[WORK ITEM]
From top to bottom, retype the data exactly, passing over any picture.

[AVAILABLE DATA]
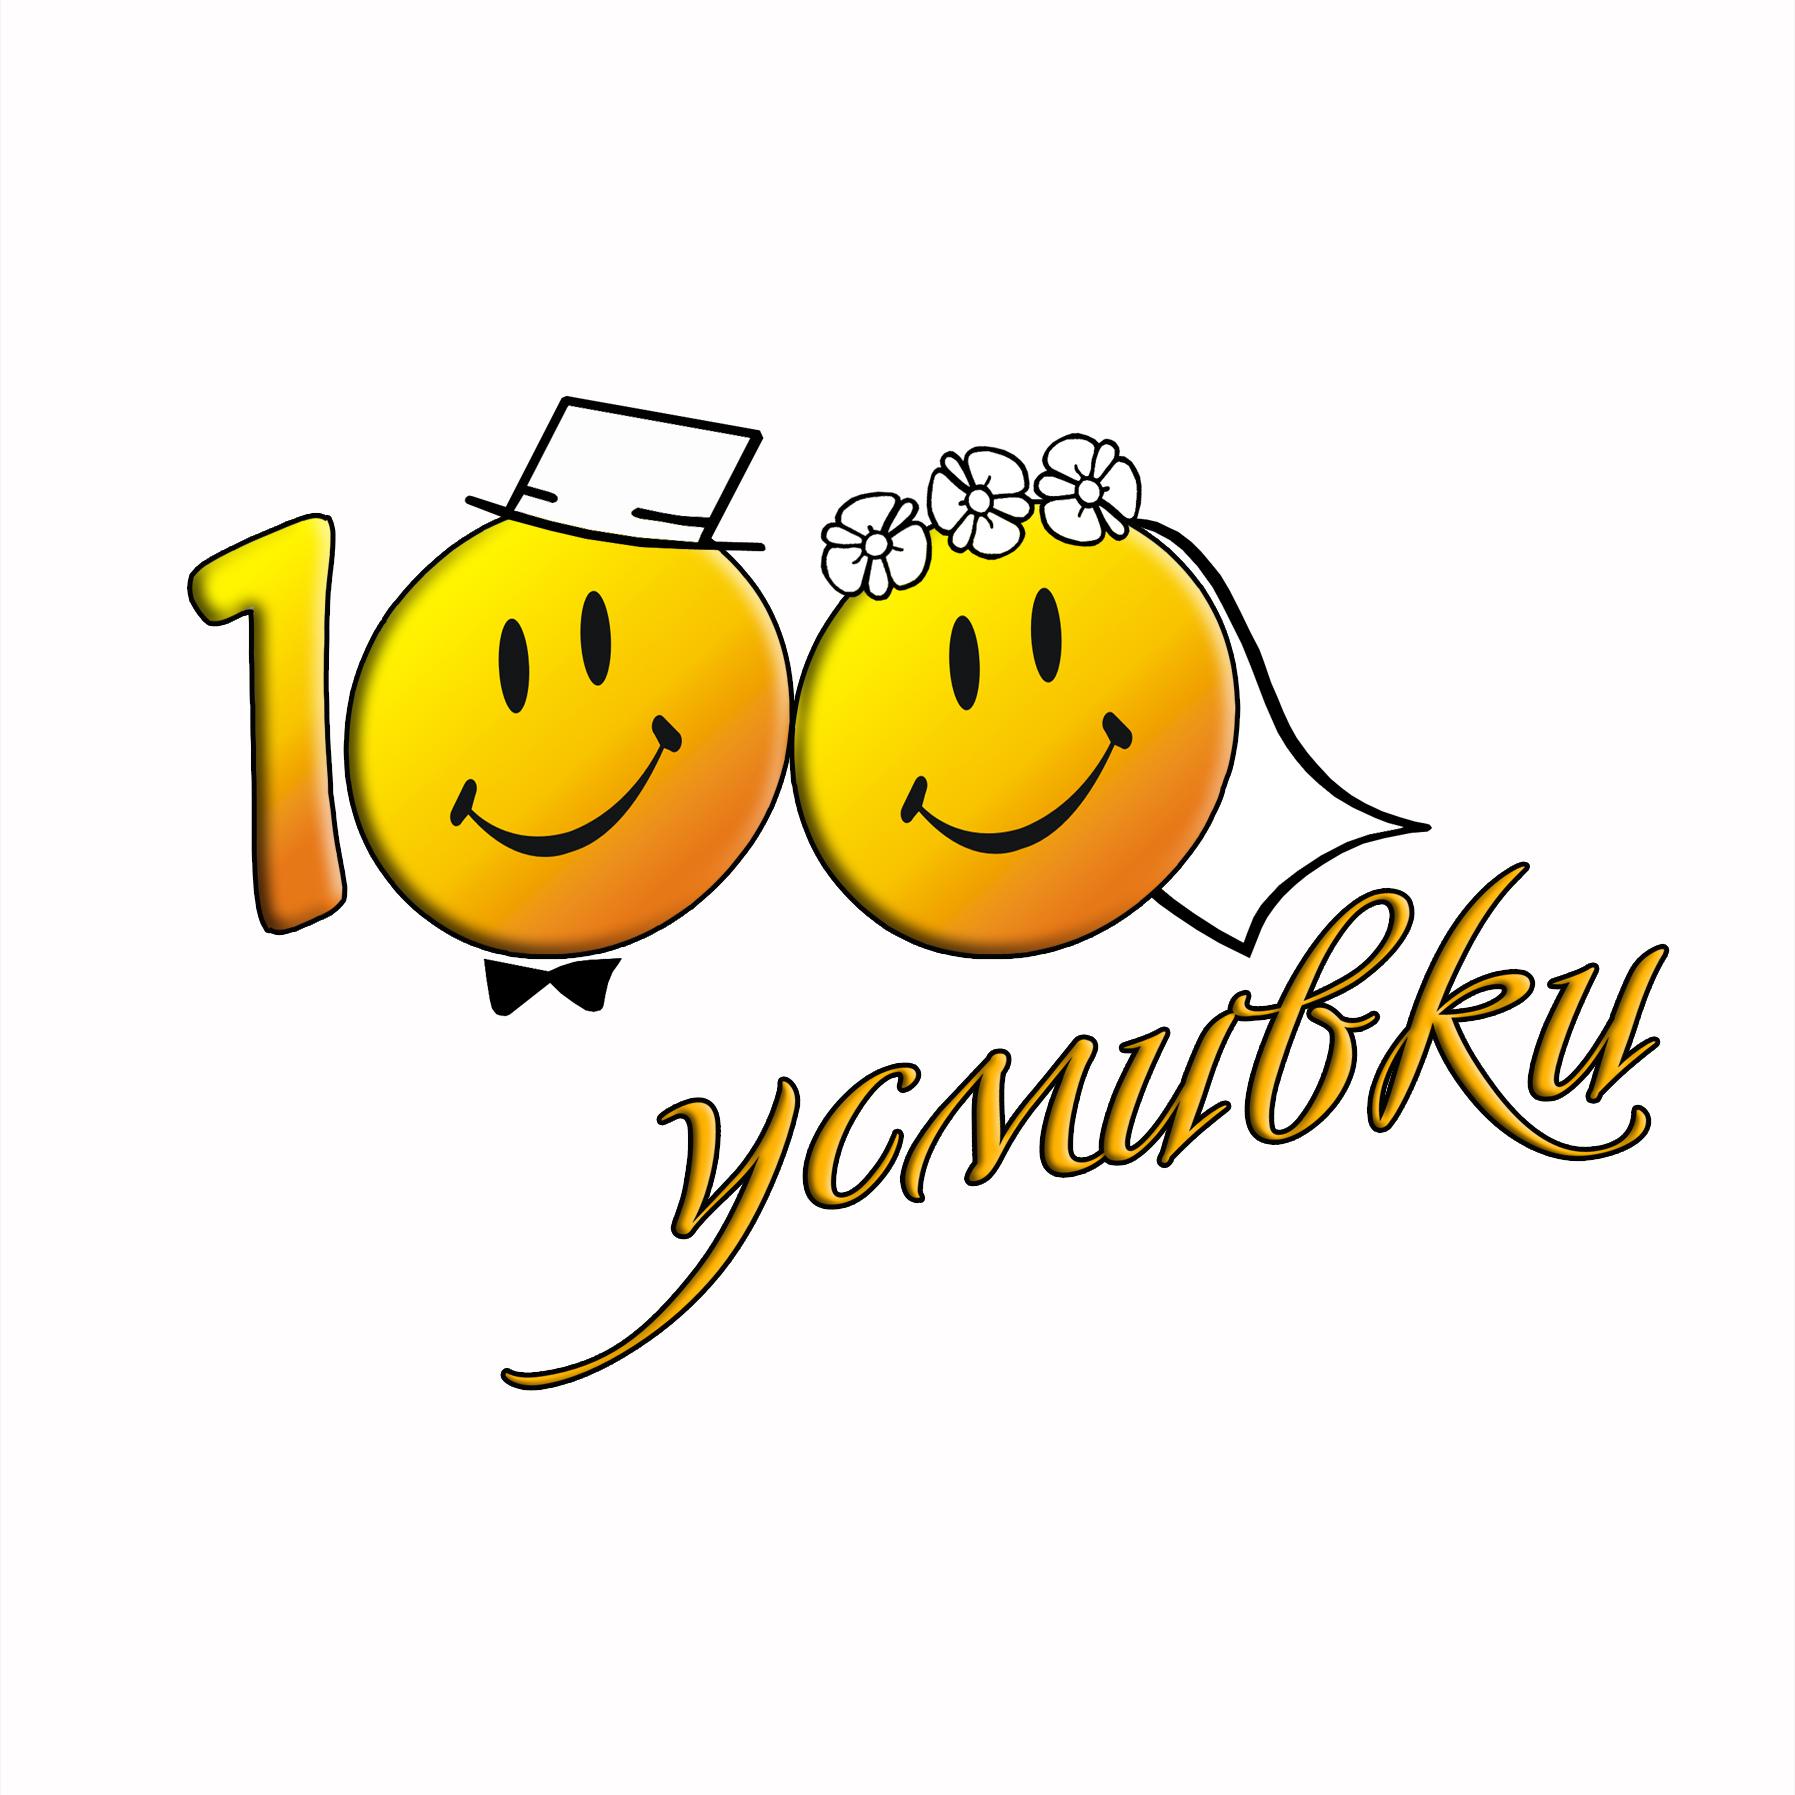 100usmivki.com
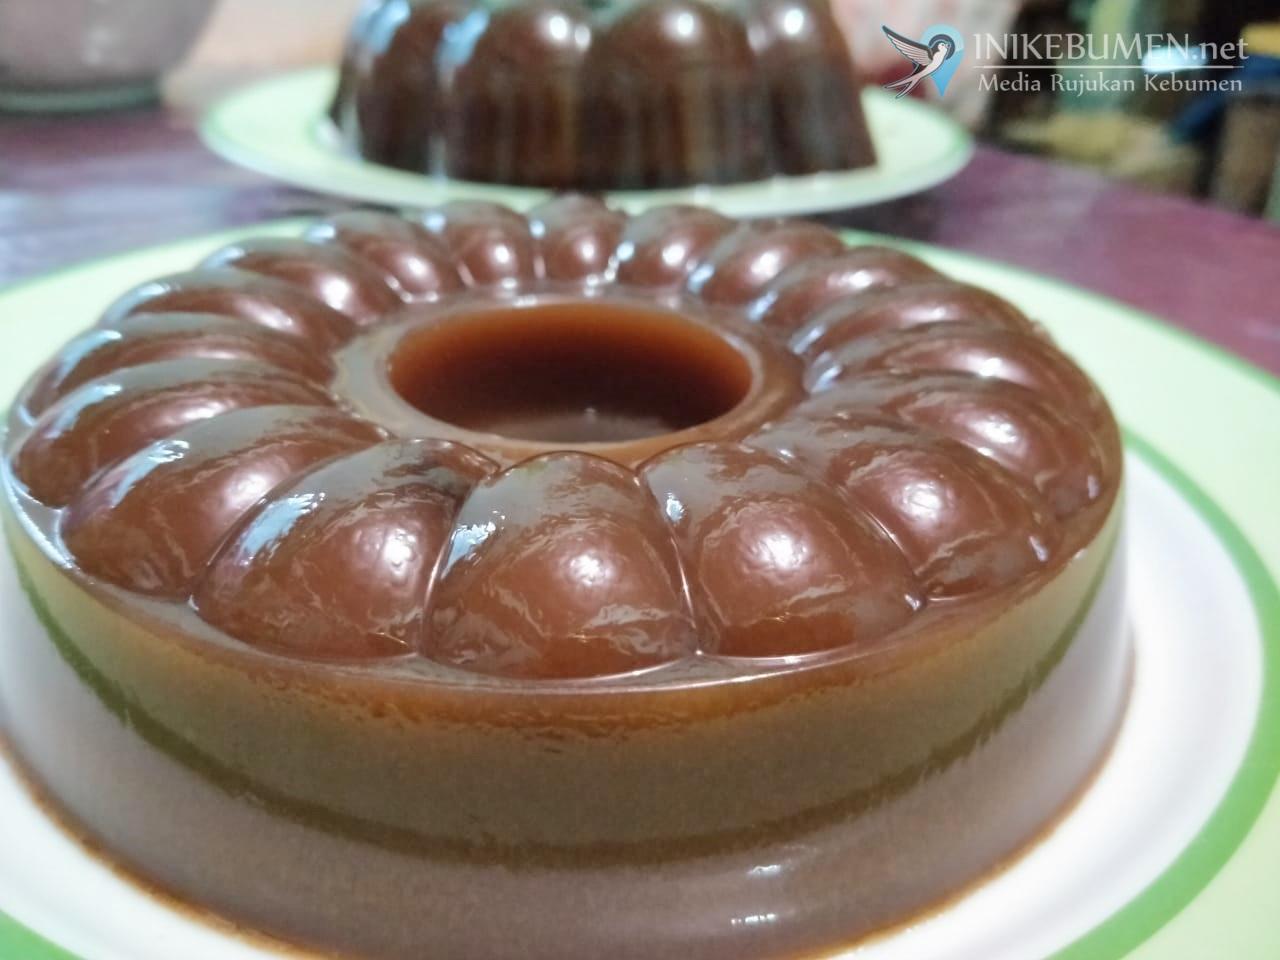 Puding Coklat Santan Klasik, Makanan Merakyat Kaya Manfaat
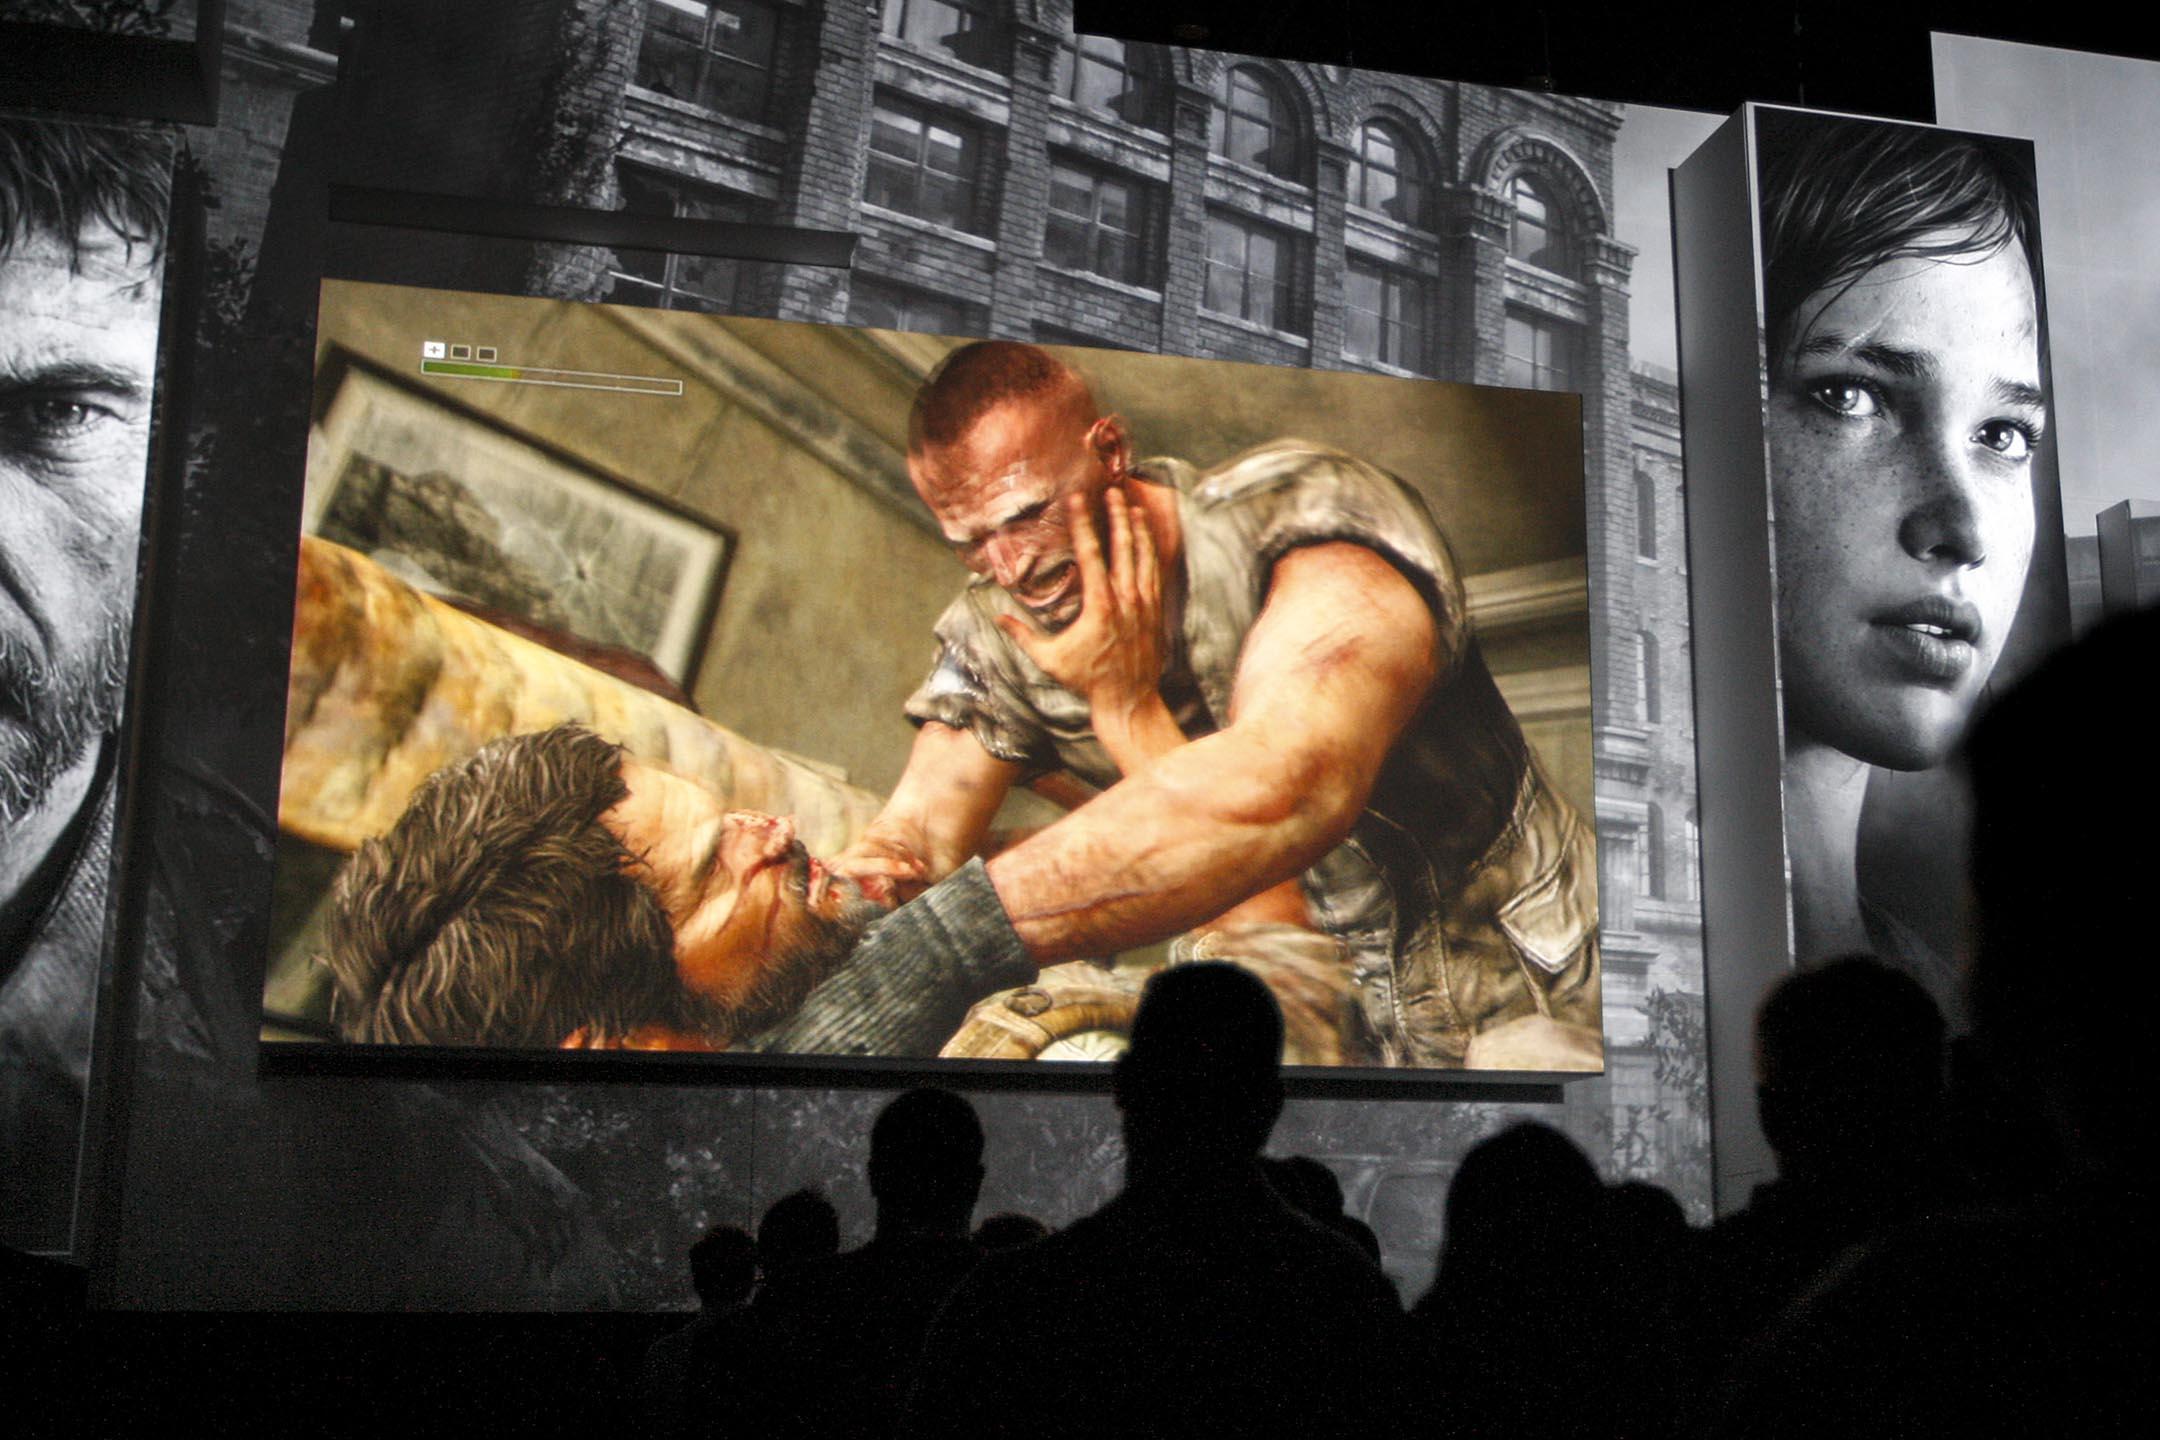 每次出現暴力犯罪,電子遊戲就經常被人拿出來指責。圖為2012年美國電玩展上,遊戲迷觀看《最後生還者》(The Last of Us)的介紹。 攝:David McNew/Getty Images

[SOLVED PROBLEM]
 100usmivki.com
 Puding Coklat Santan Klasik, Makanan Merakyat Kaya Manfaat
 每次出現暴力犯罪,電子遊戲就經常被人拿出來指責。圖為2012年美國電玩展上,遊戲迷觀看《最後生還者》(The Last of Us)的介紹。 攝:David McNew/Getty Images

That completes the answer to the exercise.